• _Try it_
Without the pictures, repeat all of the data exactly as it appears below.

• _Supplied information_
****************************************

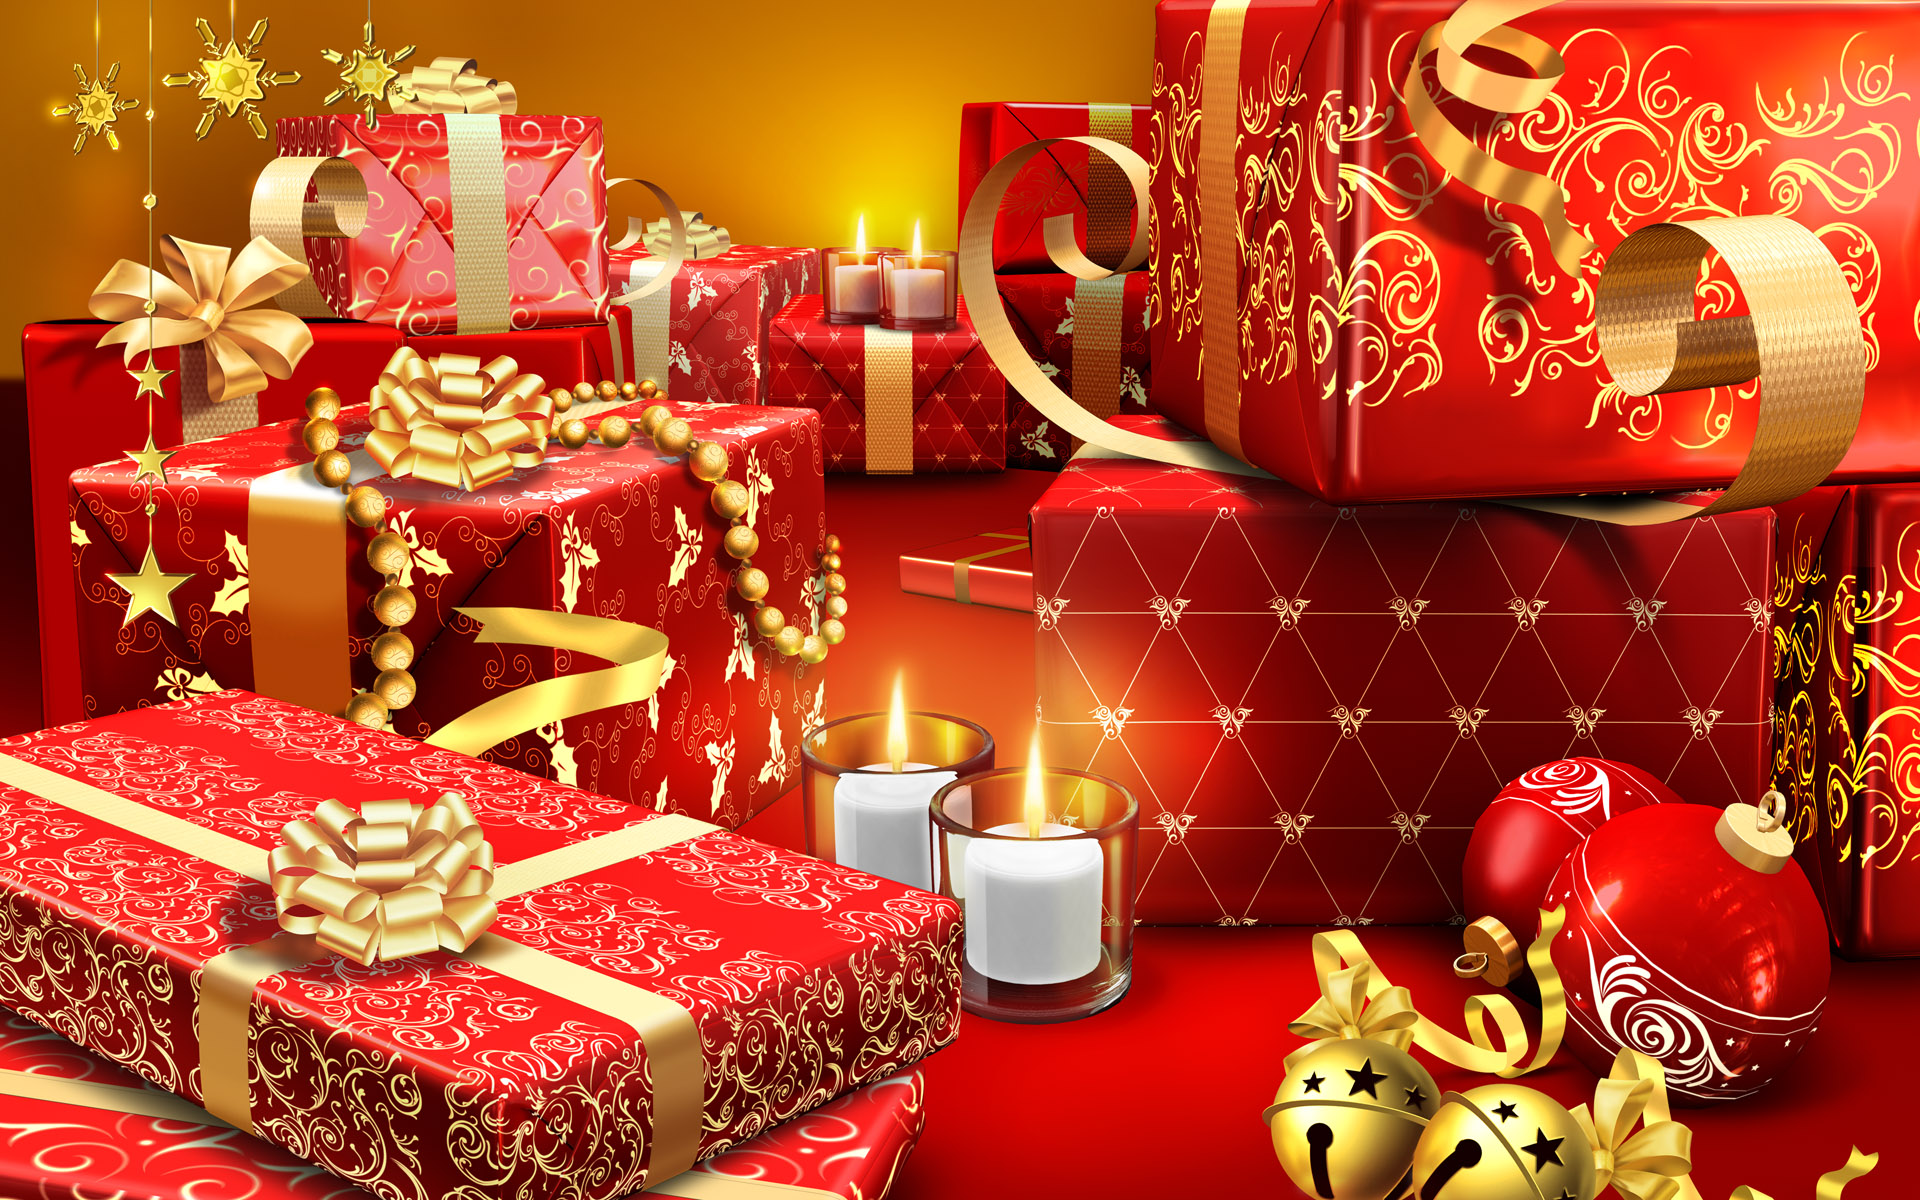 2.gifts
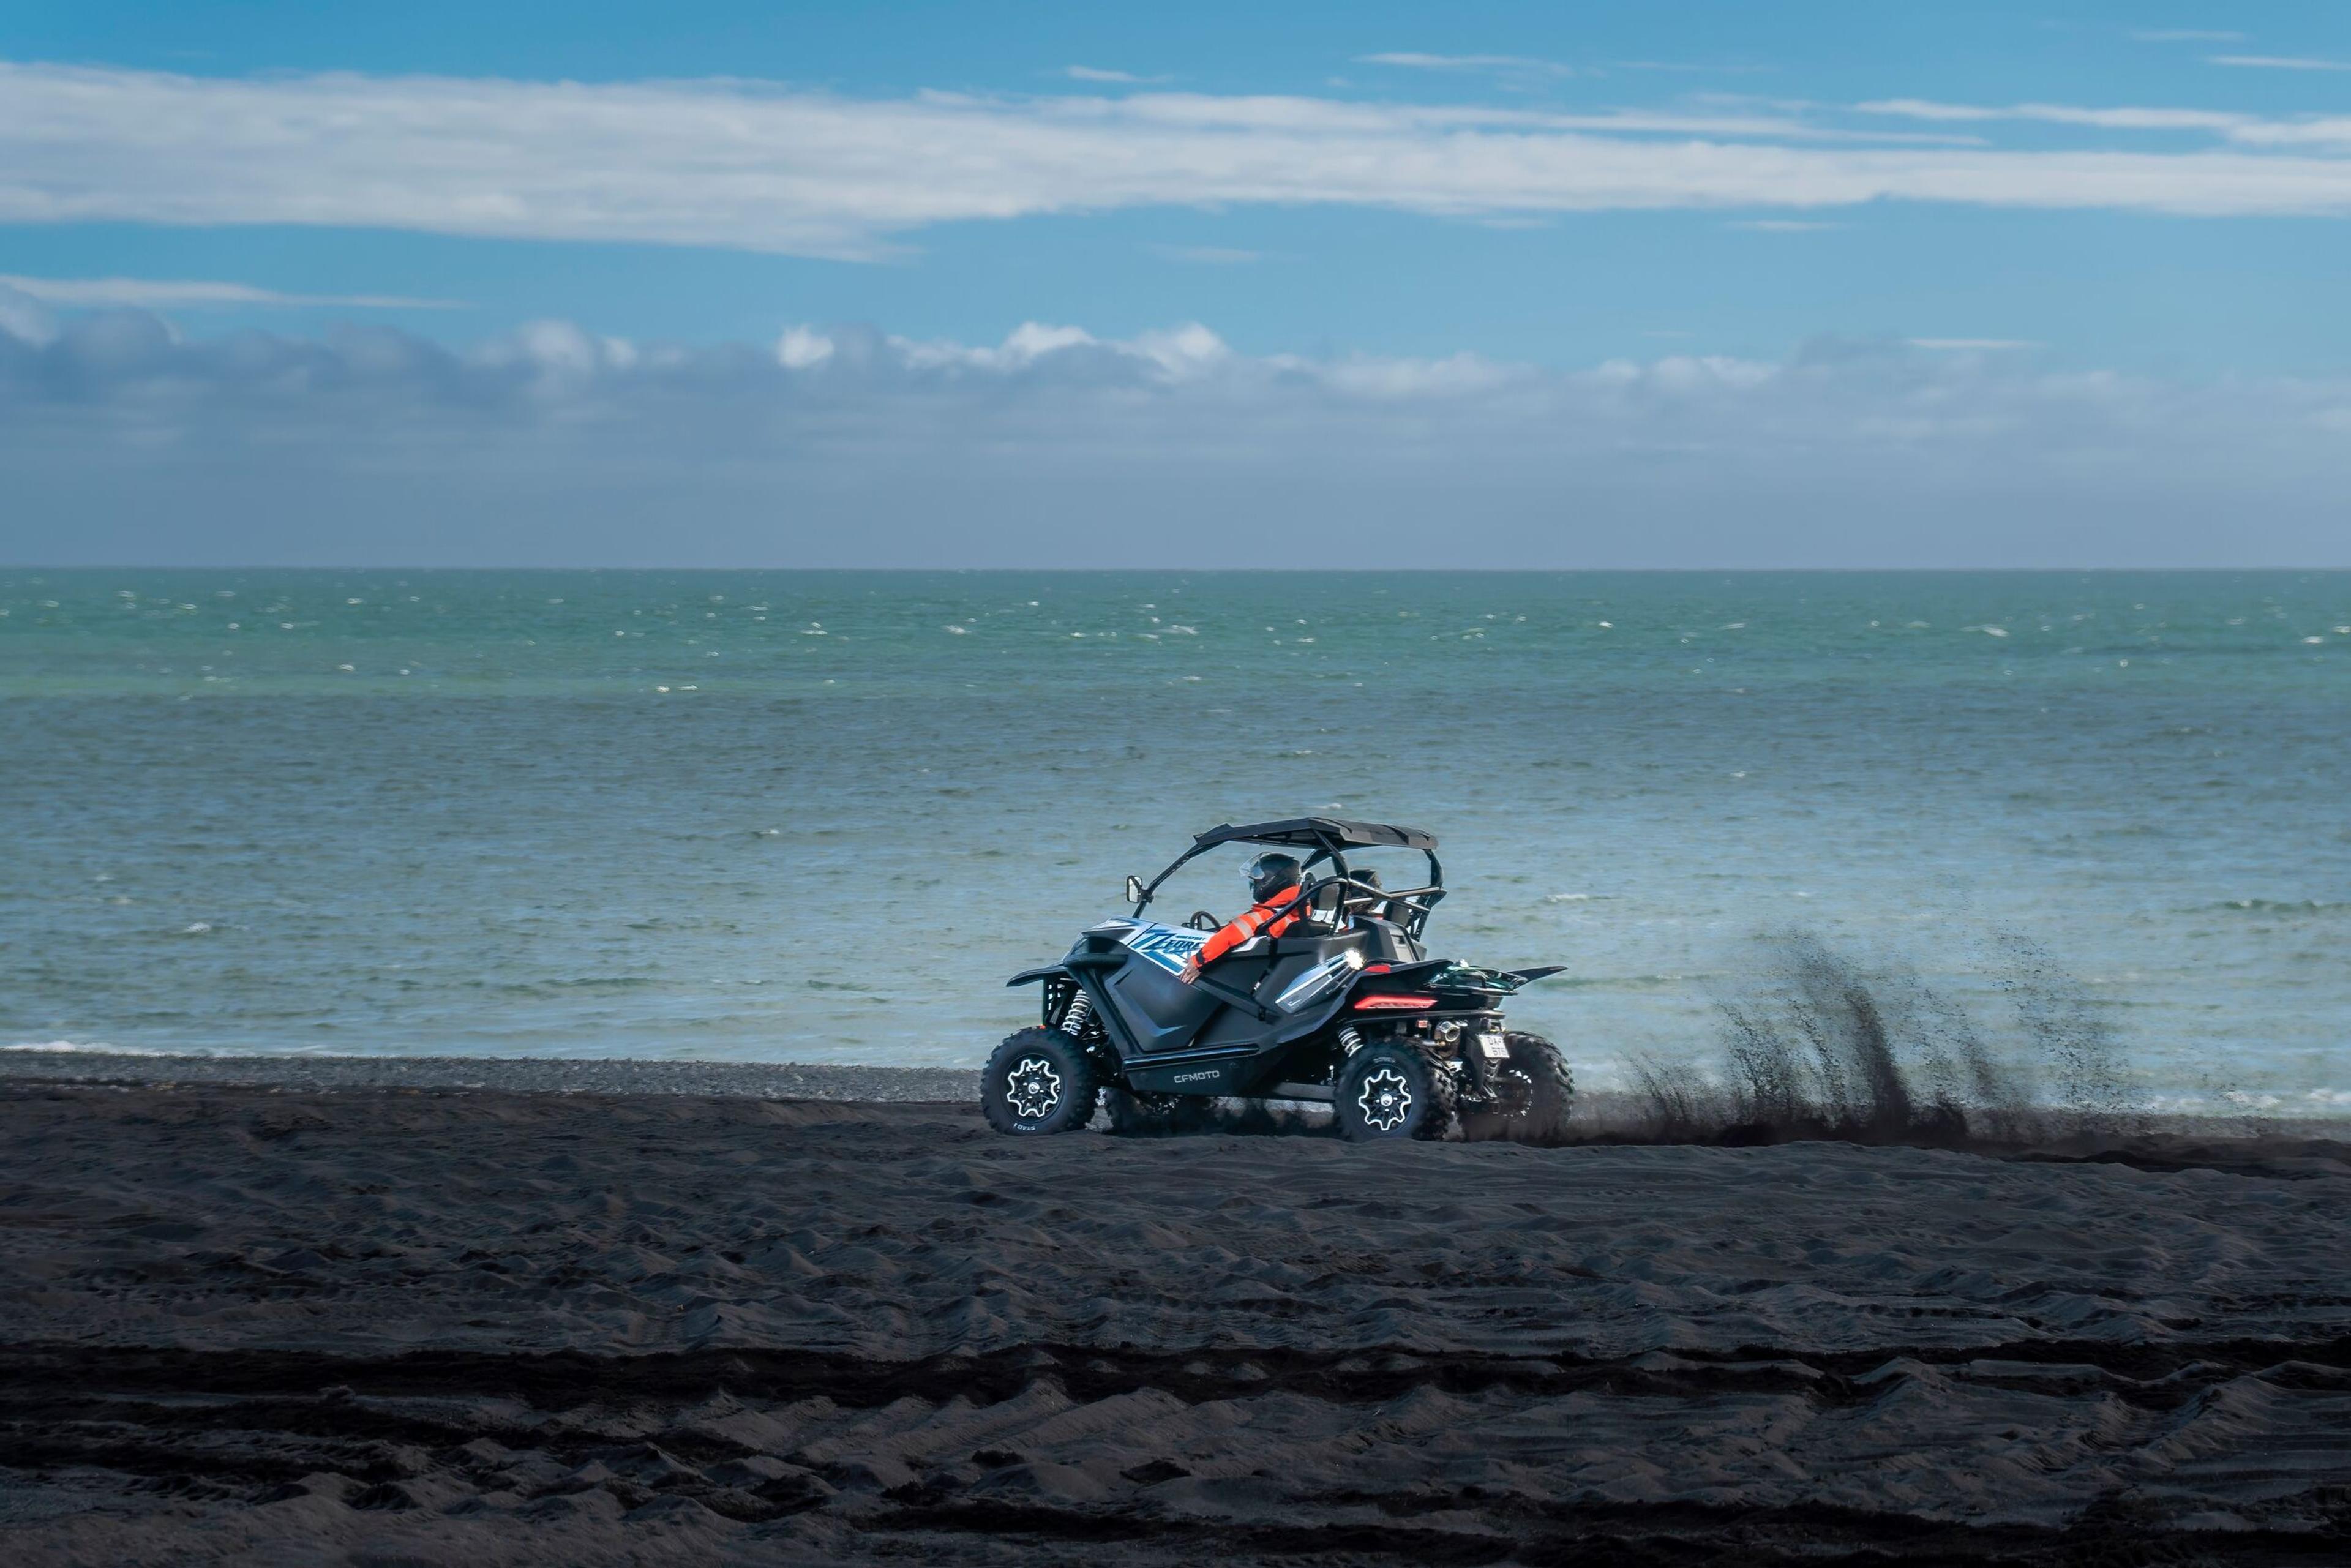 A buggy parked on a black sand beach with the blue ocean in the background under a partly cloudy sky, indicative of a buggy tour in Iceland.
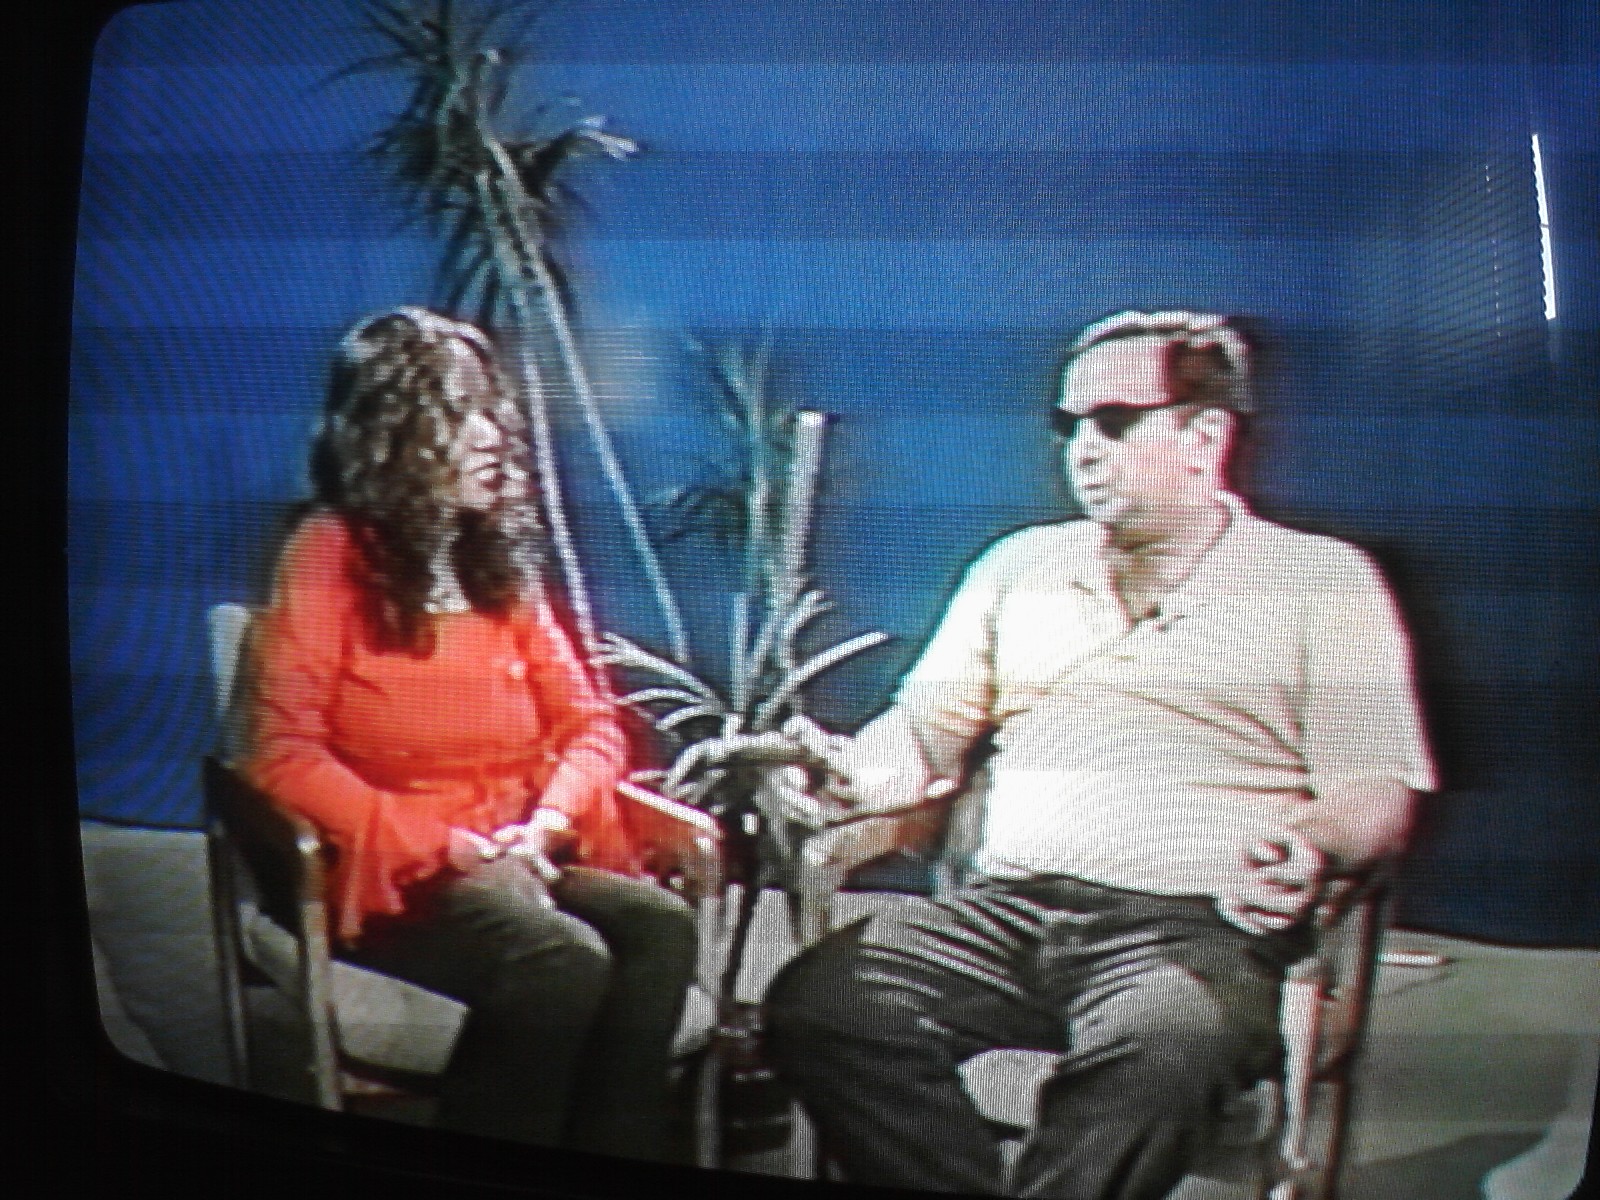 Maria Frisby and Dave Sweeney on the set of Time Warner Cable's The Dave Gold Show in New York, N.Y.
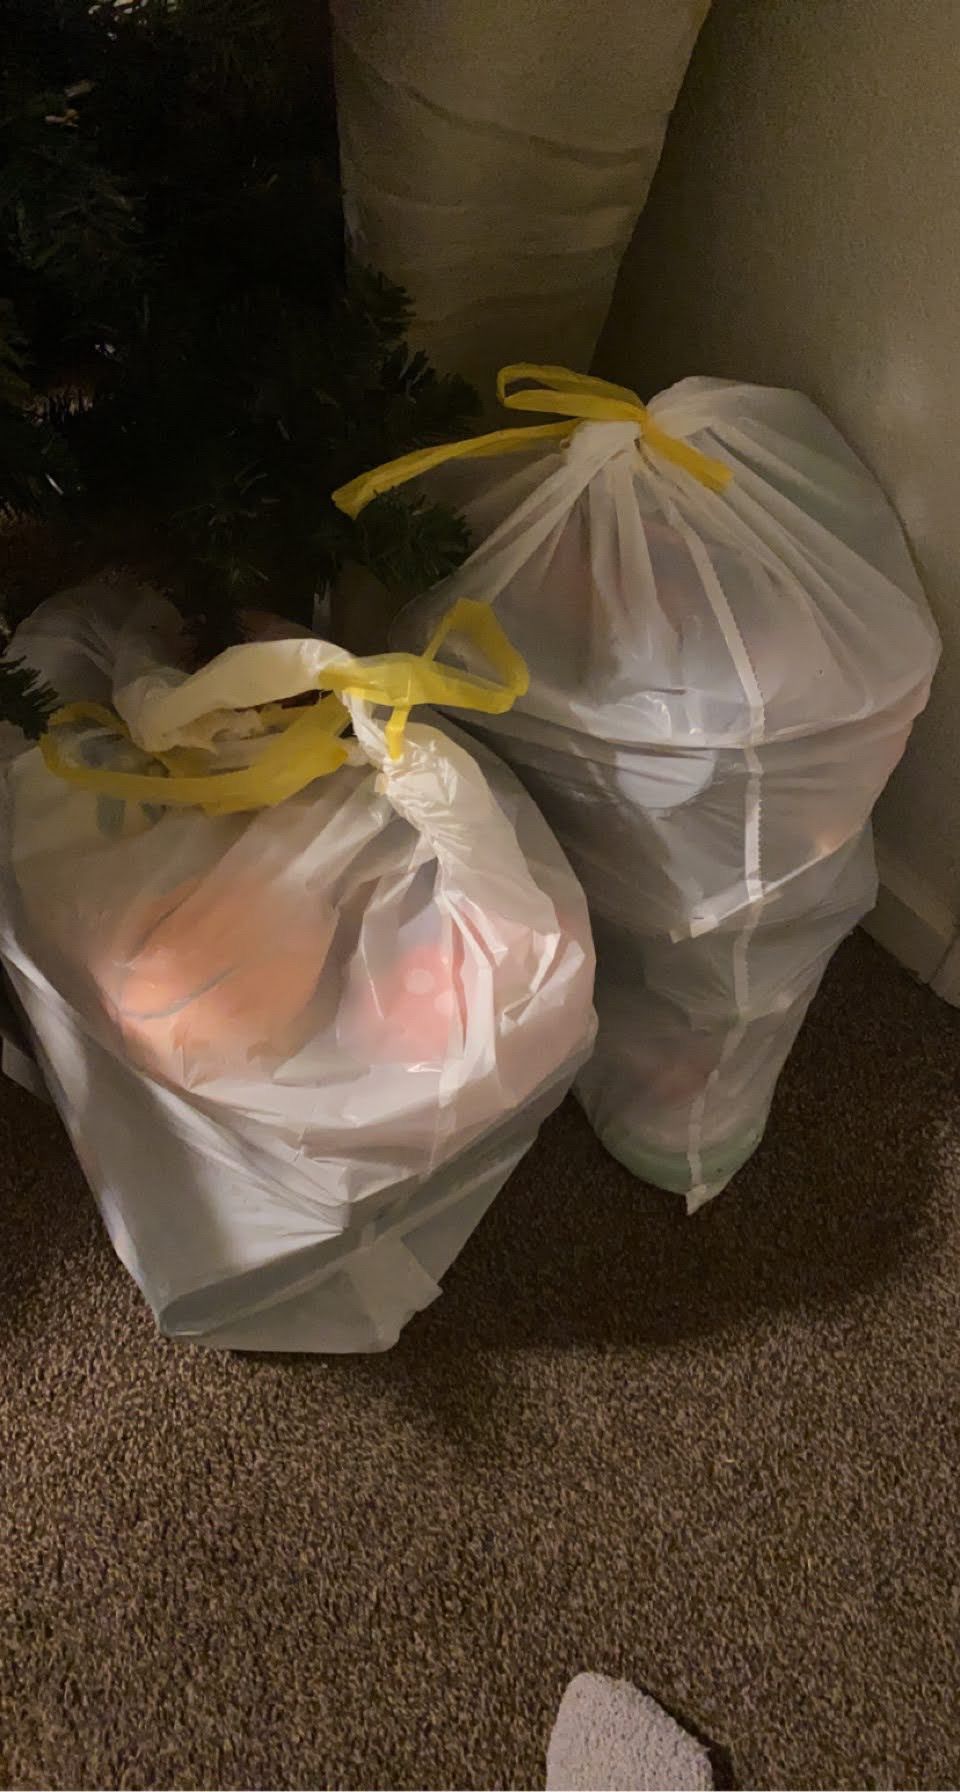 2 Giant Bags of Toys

****************************************

• _Finished task_
 2.gifts
 A buggy parked on a black sand beach with the blue ocean in the background under a partly cloudy sky, indicative of a buggy tour in Iceland.
 Maria Frisby and Dave Sweeney on the set of Time Warner Cable's The Dave Gold Show in New York, N.Y.
 2 Giant Bags of Toys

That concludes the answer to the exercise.